Prescriptive Information
Untitled Document
Prior to use please see the complete 'Directions for Use' for more information on Indications, Contraindications, Warnings, Precautions, Adverse Events and Operator's Instructions.
Indications
The PolarCath Peripheral Dilatation System is indicated to dilate stenosis in the peripheral vasculature (iliac, femoral, popliteal, infrapopliteal, renal and subclavian arteries) and for the treatment of obstructive lesions of Polytetrafluoroethylene (PTFE) access grafts or native arteriovenous dialysis fistulae. The PolarCath Peripheral Dilatation system is also indicated for post-deployed stent expansion of self-expanding peripheral vascular stents.
Contraindications
none
Warnings
- Use of this device in coronary or carotid arteries has not been evaluated.

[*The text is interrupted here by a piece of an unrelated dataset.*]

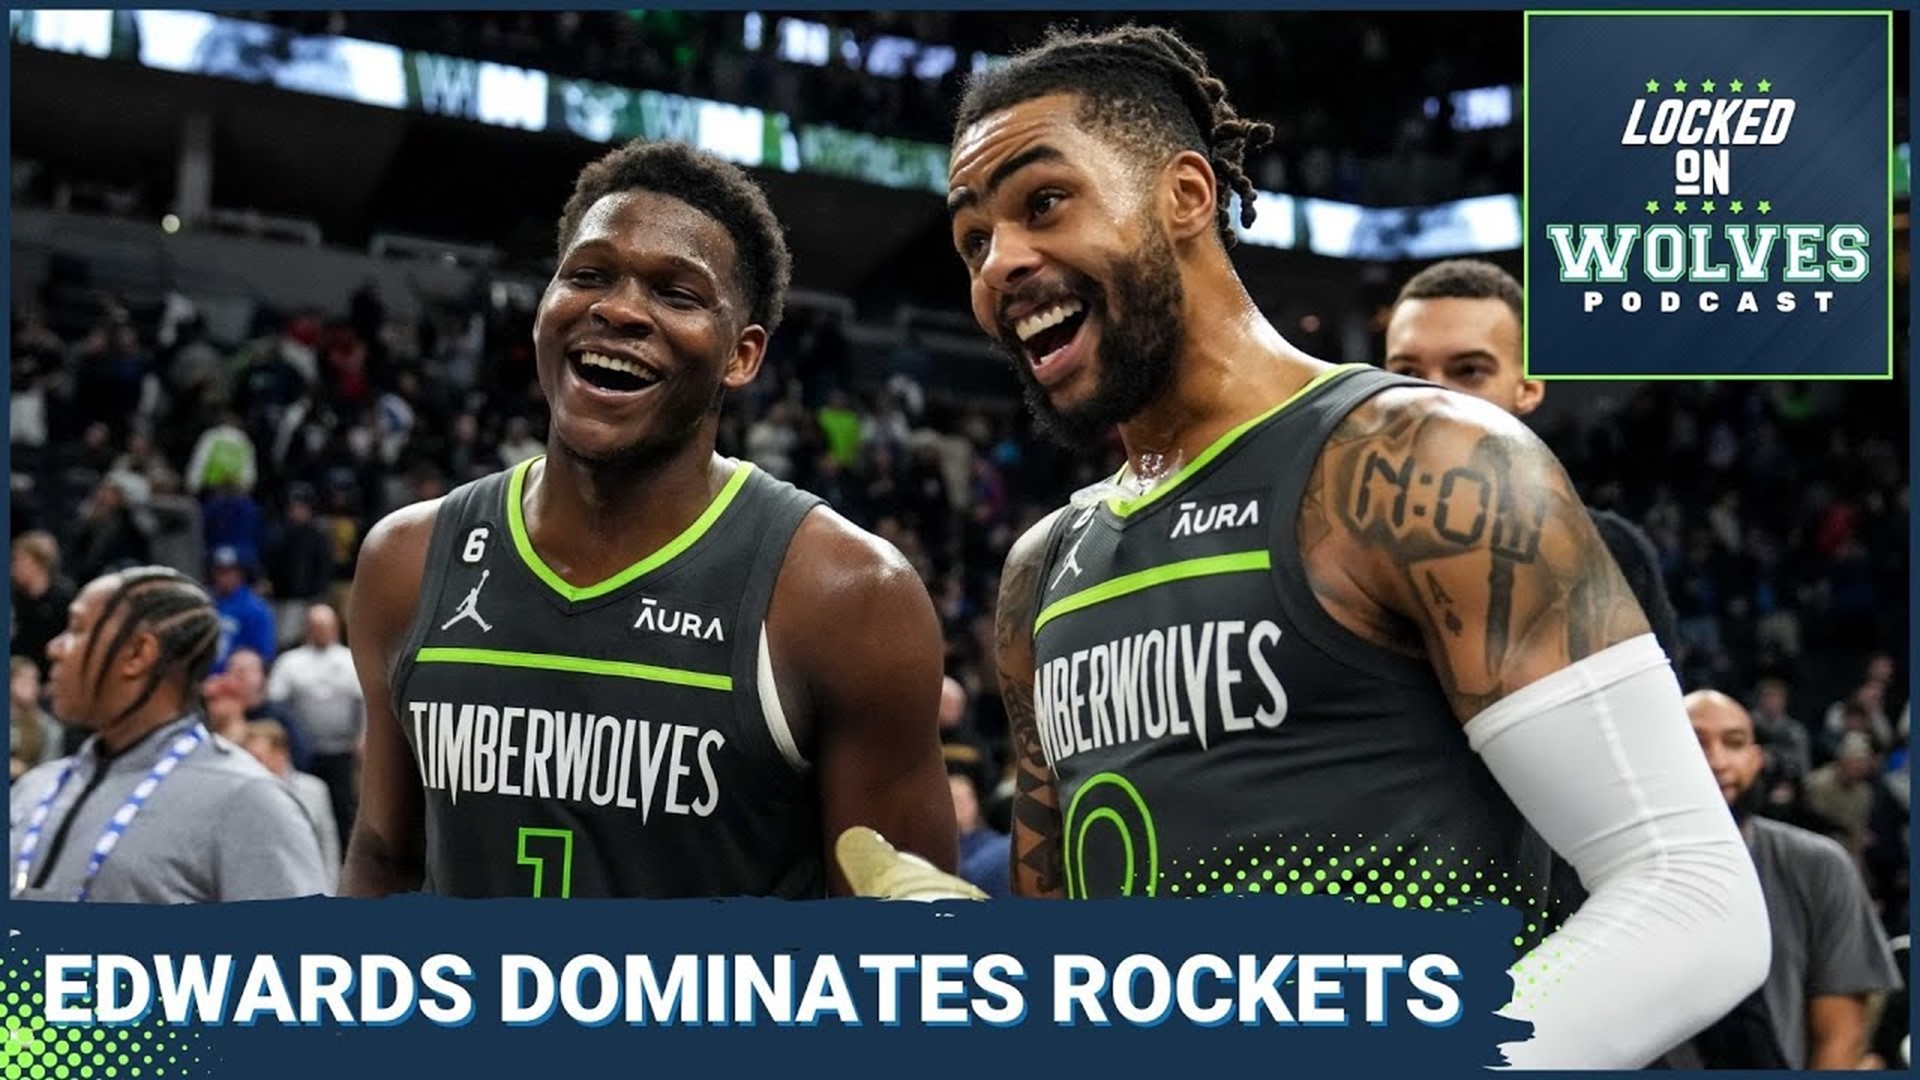 Anthony Edwards was truly dominant against the Houston Rockets as the Timberwolves won

- Use of this device for stent delivery or stent expansion has not been evaluated.
- Use of this device for non-PTFE access grafts has not been evaluated.

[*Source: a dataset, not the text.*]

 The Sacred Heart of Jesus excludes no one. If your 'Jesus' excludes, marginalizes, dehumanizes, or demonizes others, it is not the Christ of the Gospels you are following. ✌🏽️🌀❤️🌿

- Do not move the catheter while the warming light is illuminated.
- Treatment at a 1:1 balloon diameter to reference artery ratio is recommended.

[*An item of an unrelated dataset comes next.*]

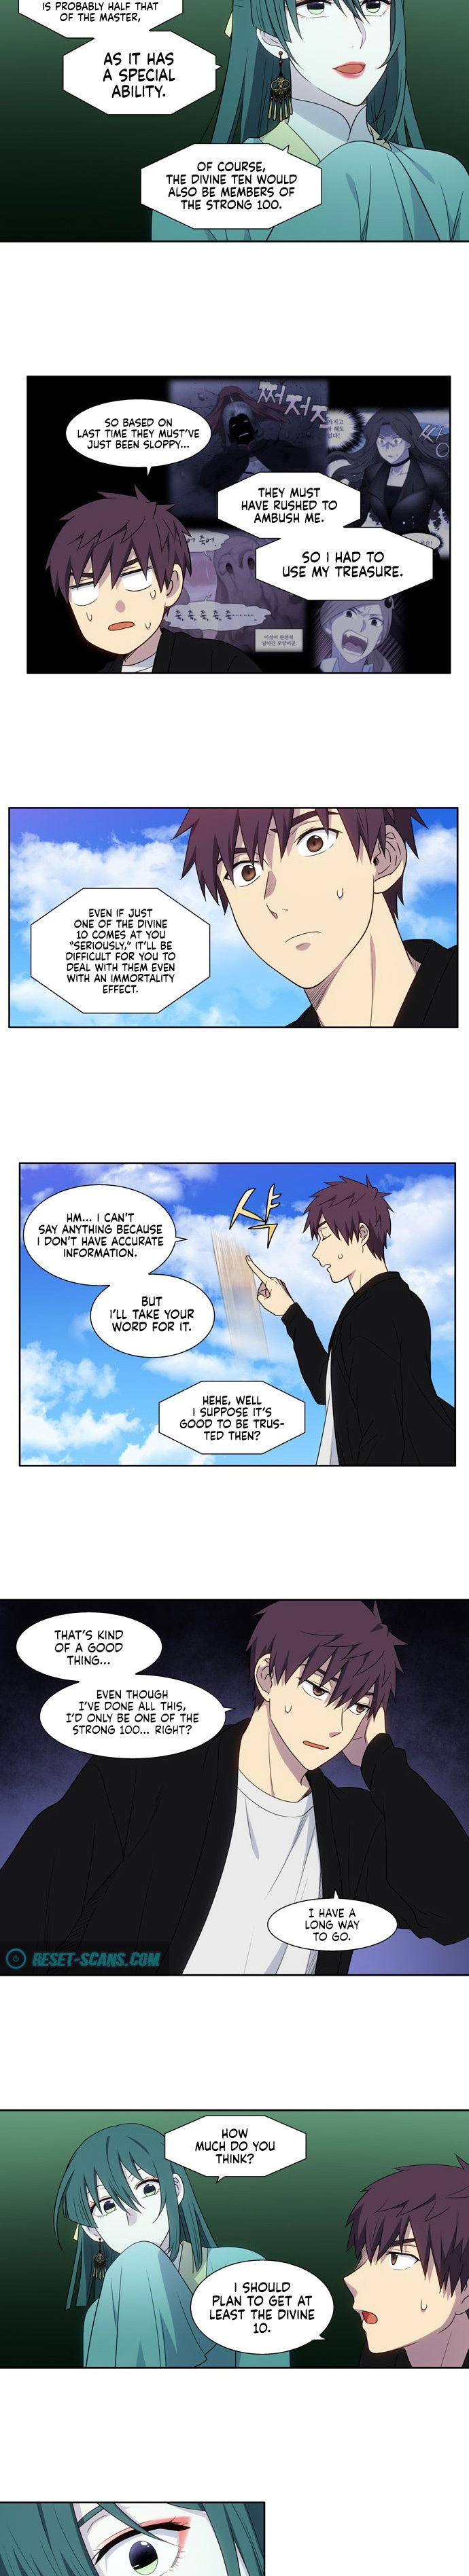 the-gamer-chap-395-4

- Inflate the PolarCath Catheter only with the PolarCath Inflation Unit. Never use contrast and/or saline to inflate the balloon.
- Do not submerge proximal end of catheter or PolarCath Inflation Unit in water or saline solution.
- The catheter should be deployed while using high quality fluoroscopy. Do not advance or retract the catheter unless the balloon is fully deflated under vacuum. Do not place the PolarCath Inflation Unit in direct ionizing radiation, e.g., do not place the PolarCath Inflation Unit under the fluoroscopy head.
- Handle the nitrous oxide cartridges only by the plastic cap.
- Handle only the plug and never the connections that are inserted into the PolarCath Inflation Unit.
Potential Adverse Effects
Possible adverse events include but are not limited to the following:
Allergic reaction to contrast media
Arteriovenous fistula
Death
Embolism
Gas embolism
Hemmorrhage/hematoma
Pain and tenderness
Pseudoaneurysm formation
Pyrogenic reaction
Restenosis of the dilated vessel
Sepsis/infection
Thrombus
Total occlusion
Vessel dissection
Vessel perforation
Cautions
- A thorough understanding of the technical principles, clinical applications, and risks associated with percutaneous transluminal angioplasty is necessary before using this device.
- Only PTFE Arteriovenous (AV) graft material has been tested for compatibility with the PolarCath System. To determine compatibility, testing was conducted to evaluate the tensile mechanical strength of PTFE samples treated with Cryoplasty® Procedure compared to those treated with conventional balloon angioplasty in a simulated environment. No difference was found between the two systems.
- The use of any sheath having a flat metal coil support must be used with caution since exposed metal coils can potentially puncture the balloon.
- Prior to the procedure, the catheter should be examined to ensure that its size and shape are suitable for the specific procedure for which it is to be used.
- Prior to the procedure, systemic anticoagulation should be provided to the patient, as needed.
- Do not reinsert the catheter once it has been removed from the sheath.
Trademark
PEBAX is a trademark of Arkema France Corporation.